День восемнадцатого ноября прямо-таки оглушил Долину. Именно тогда он понял, что радость тоже может оглушать. Хотя успех предчувствовал давно, когда показал своего «Старика» кое-кому из худсовета. Показал не официально — те приходили в мастерскую к другому скульптору, и Сашко зазвал взглянуть и на его работу. Пожилые, солидные люди молча толпились в маленькой каморке Долины, не сводя взглядов со «Старика». Они не знали, что и сказать. Работа сбила их с толку. Своей необычностью, простотой и вместе с тем таинственностью, которая крылась в глубоком оцепенении старого человека… «Старик» покорил всех, и не просто покорил, а чем-то и упрекнул, заставил всмотреться в себя и думать, думать, оглядываясь назад — каждому на свое.
— Та-ак! — наконец протянул высокий худой Харченко, академик. — Та-ак!
Это протяжное словцо вобрало в себя и оценку, и восхищение, и даже маленькую, незлую зависть щедрого старого художника. Больше Харченко не сказал ничего. Не мог подобрать нужного, уже выверенного теорией определения.

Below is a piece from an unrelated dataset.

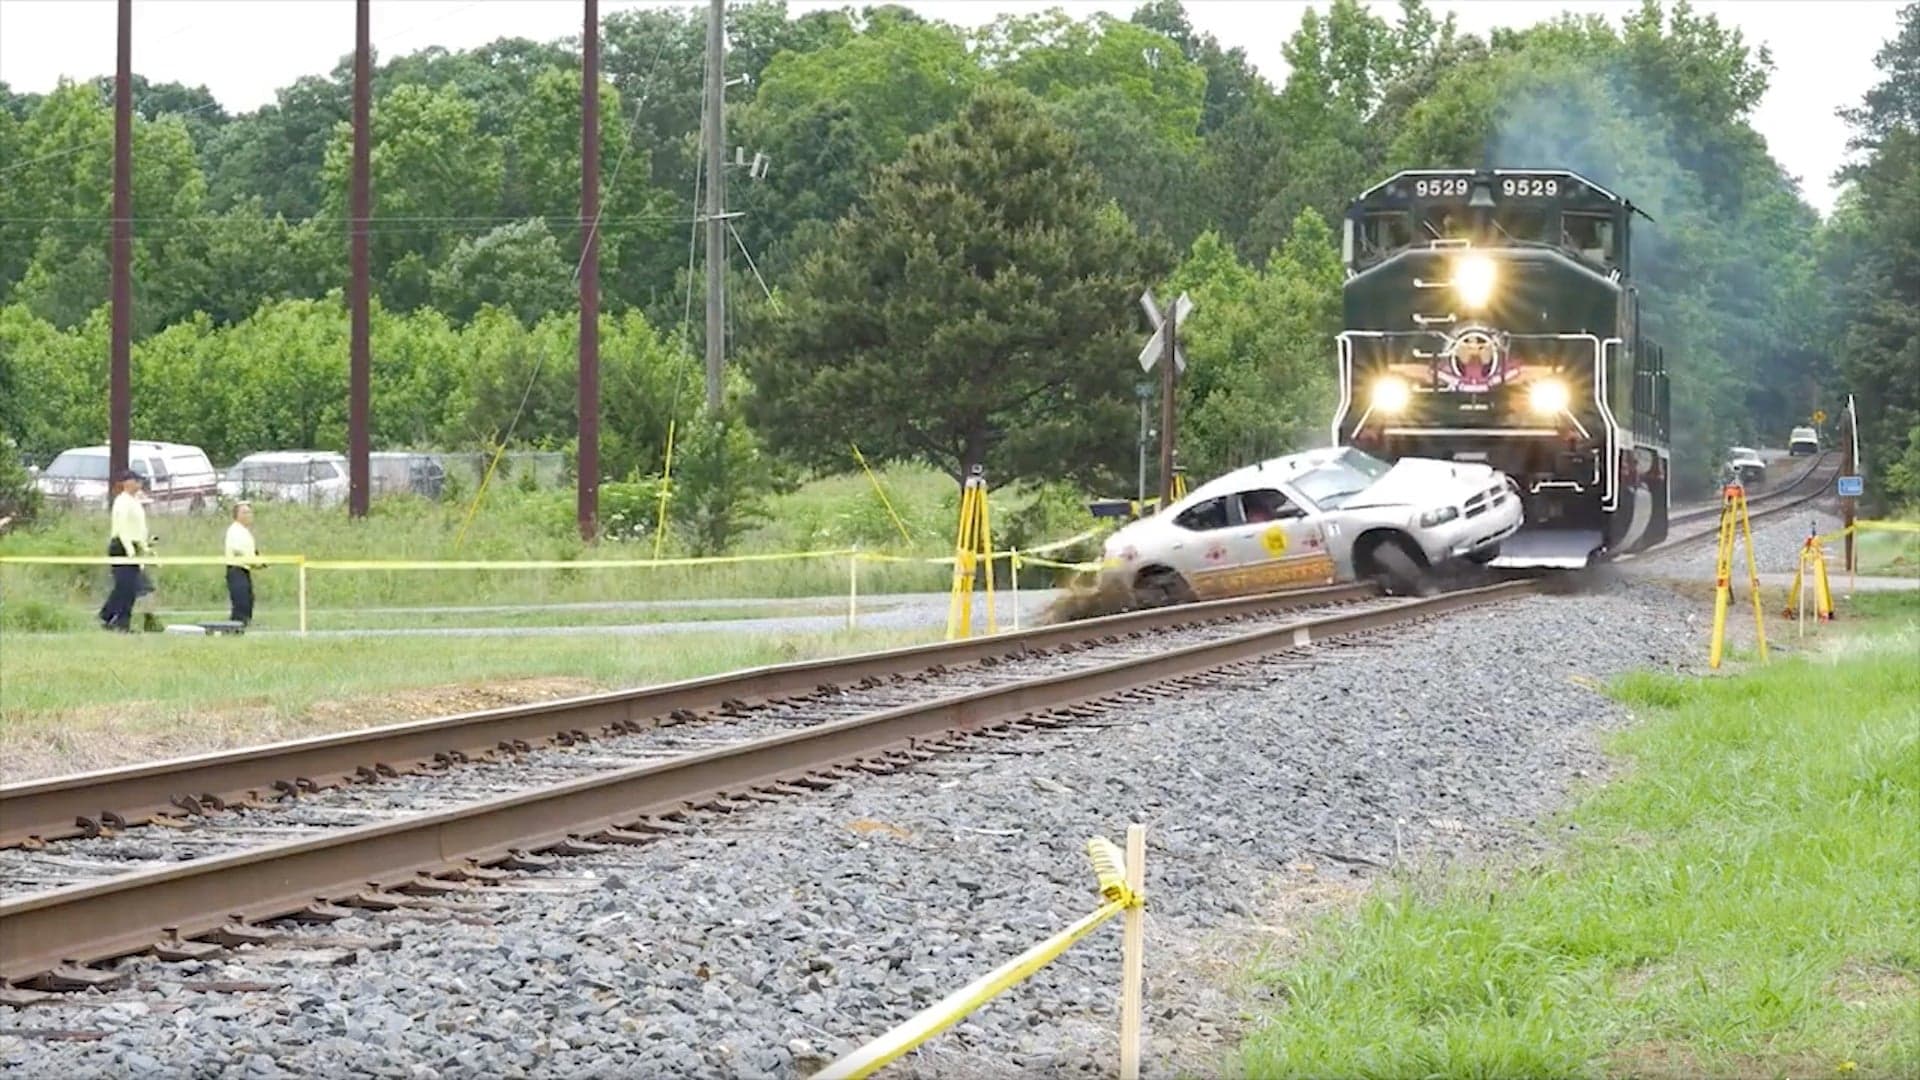 This Violent In-Car Video Shows What It’s Like to Get Hit by a Train

К какой школе, к какой категории отнести портрет? Вроде бы строгое, классическое ваяние, но одновременно простота, непринужденность. Опять же — полная ясность, чистота работы и некий секрет, глубоко спрятанная золотая жилка, которая не давалась в руки.
Этого секрета, этой жилки не могли найти и другие художники на всех просмотровых турах и без туров.
Выставленный в центральном павильоне скульптурный портрет приковал к себе взгляды многих ценителей искусства. Правда, были и такие, кто проходил мимо, не всматриваясь, но те, кто останавливался, останавливались надолго. «Старик» завораживал их. На первый взгляд казалось, что скульптор воплотил в нем символ полного одиночества, отрешенности от мира и от себя самого. При внимательном же рассмотрении возникало ощущение глубокой сосредоточенности, напряженных поисков. В то же время портрет заставлял каждого всерьез задумываться. Хотелось помочь этому старцу, подсказать… но что? И вдруг зритель понимал, что старик уже нашел решение и даже подсмеивается над его усилиями.
Трудно было угадать, и какой человек изваян скульптором. Добрый или злой? Конечно, секрет заключался в освещении, но не только в нем. Старик был благороден и жесток, как почти все старые люди, которые замахнулись в жизни на что-то крупное, но не осилили этого.